NAIROBI, 11 février (Xinhua) — Des experts en technologie se sont réunis mercredi à Nairobi, la capitale du Kenya, pour discuter des moyens d’accélérer l’adoption de solutions de technologie financière (fintech) afin de faciliter le commerce transfrontalier à travers l’Afrique.
L’Africa Tech Summit, d’une durée de trois jours, a réuni plus de 100 leaders de l’industrie fintech, décideurs politiques, innovateurs, startups et régulateurs pour soutenir le commerce intra-africain.
Philip Tigo, l’envoyé spécial du Kenya pour la technologie, a déclaré que l’un des principaux obstacles au commerce intra-africain était le coût et la rapidité du règlement des transactions financières.

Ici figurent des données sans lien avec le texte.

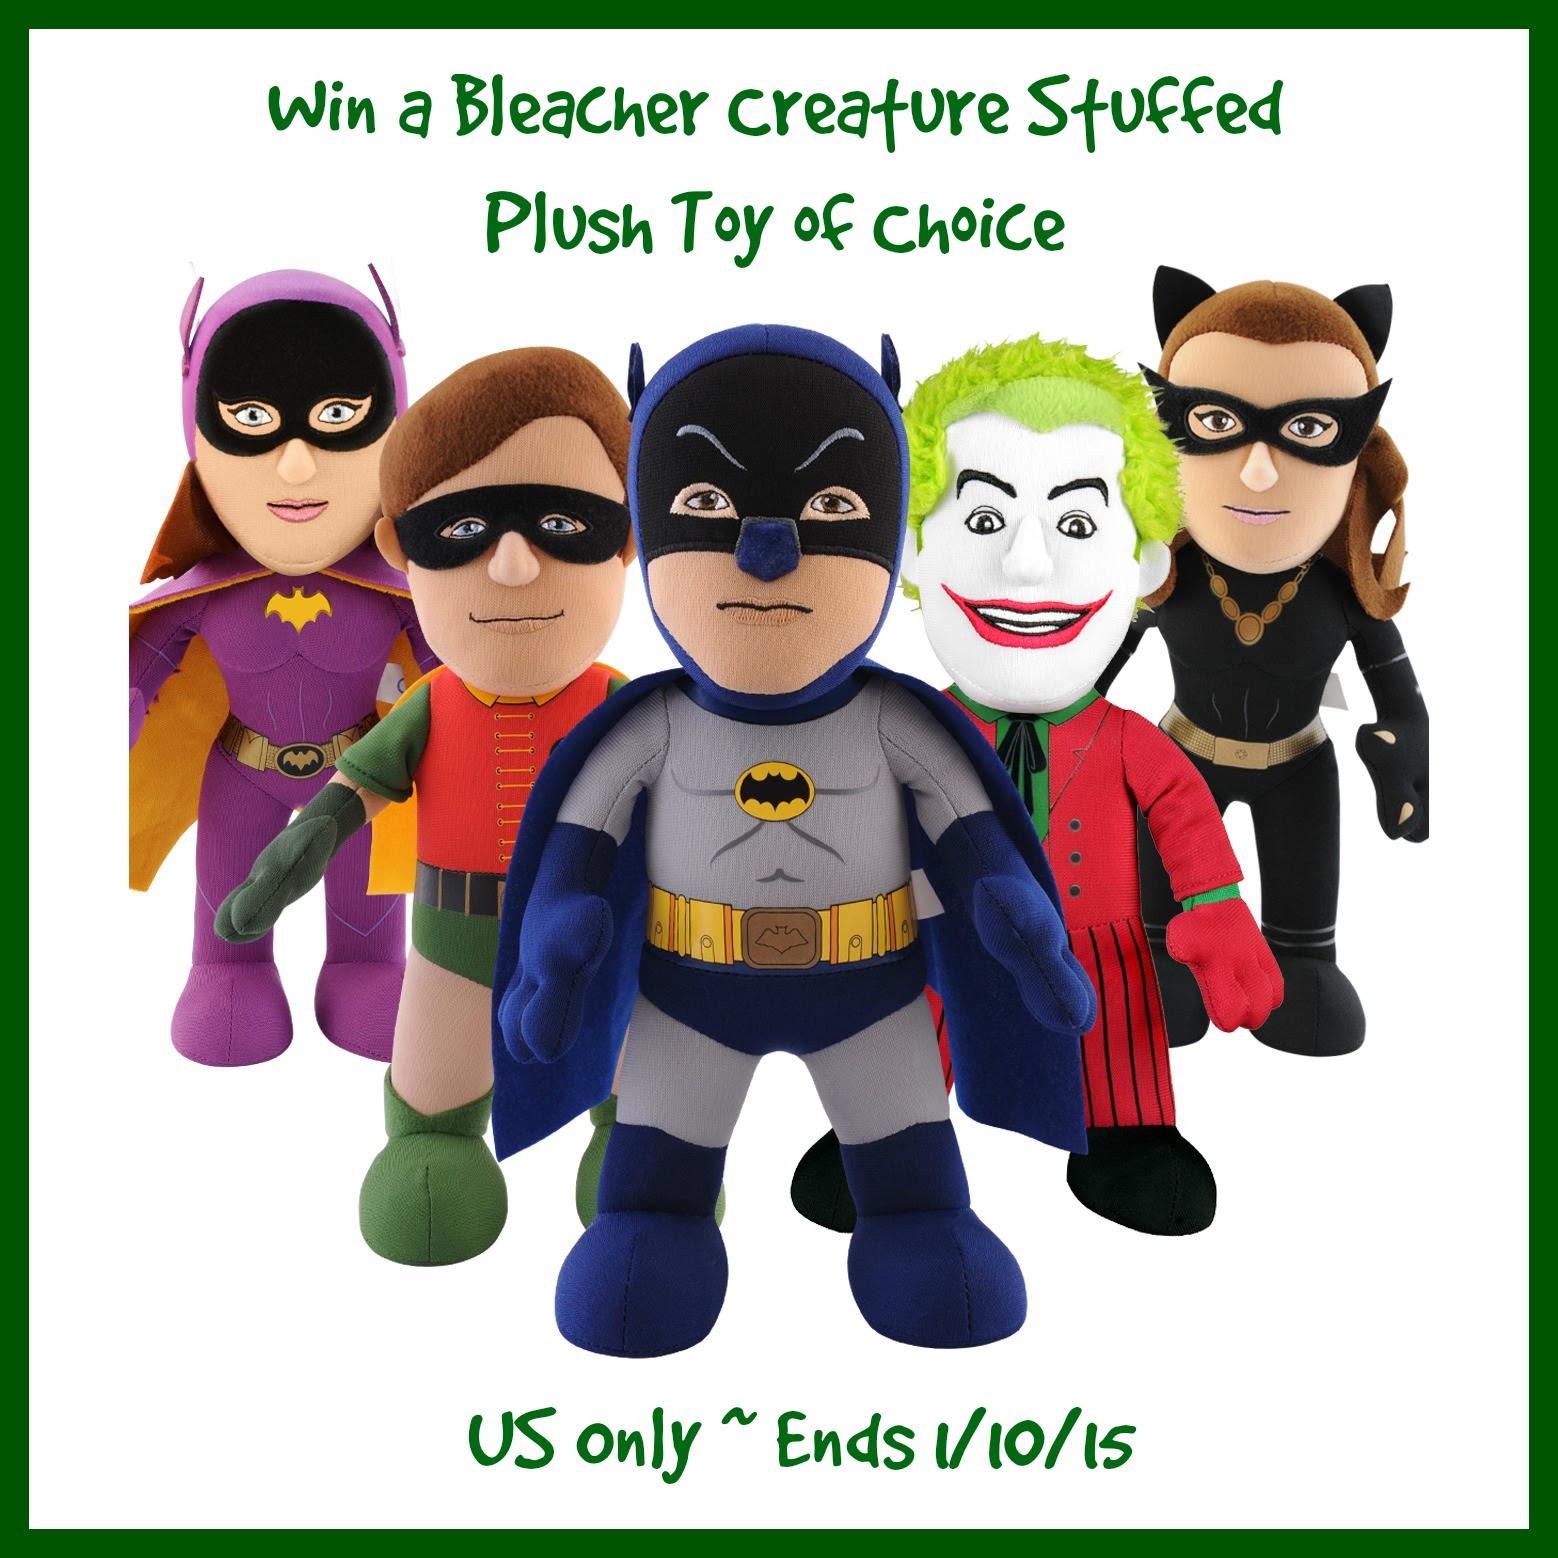 Enter the Bleacher Creature Giveaway. Ends 1/10.
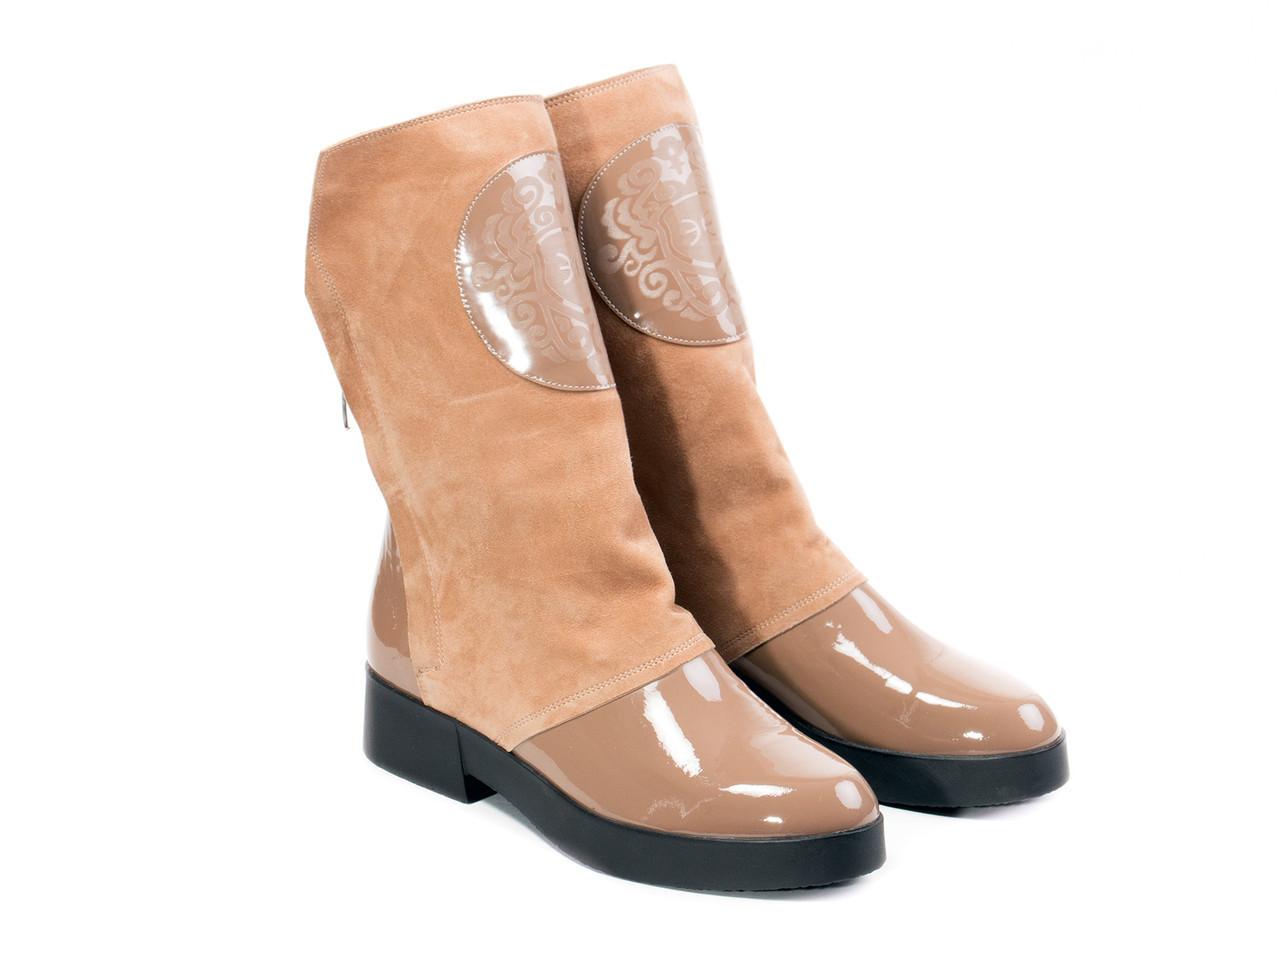 Ботинки Etor 4937-0-7235 39 бежевые

« Les plateformes Fintech éliminent les intermédiaires et rendent le commerce entre les pays africains plus viable », a déclaré Tigo.
Il a appelé le continent à tirer parti des innovations financières numériques qui permettent aux entrepreneurs non bancarisés de se lancer dans le commerce international.
Vincent Ochieng, PDG de la société panafricaine de technologie financière Yogpay, a déclaré que la plupart des échanges intra-africains se font en devises étrangères telles que le dollar américain, exposant les commerçants à la volatilité des marchés des changes.
Ochieng a ajouté que les innovateurs développent actuellement des produits fintech qui permettent aux gens de traverser les frontières et de payer des biens et des services en monnaie locale.
Timirehin Kayode, PDG de la société fintech nigériane Neona Synergy, a ajouté que la principale contrainte au commerce panafricain est le manque d’interopérabilité des réseaux d’argent mobile transfrontaliers.
Il a observé que grâce à la fintech, l’Afrique peut harmoniser le système financier fragmenté du continent.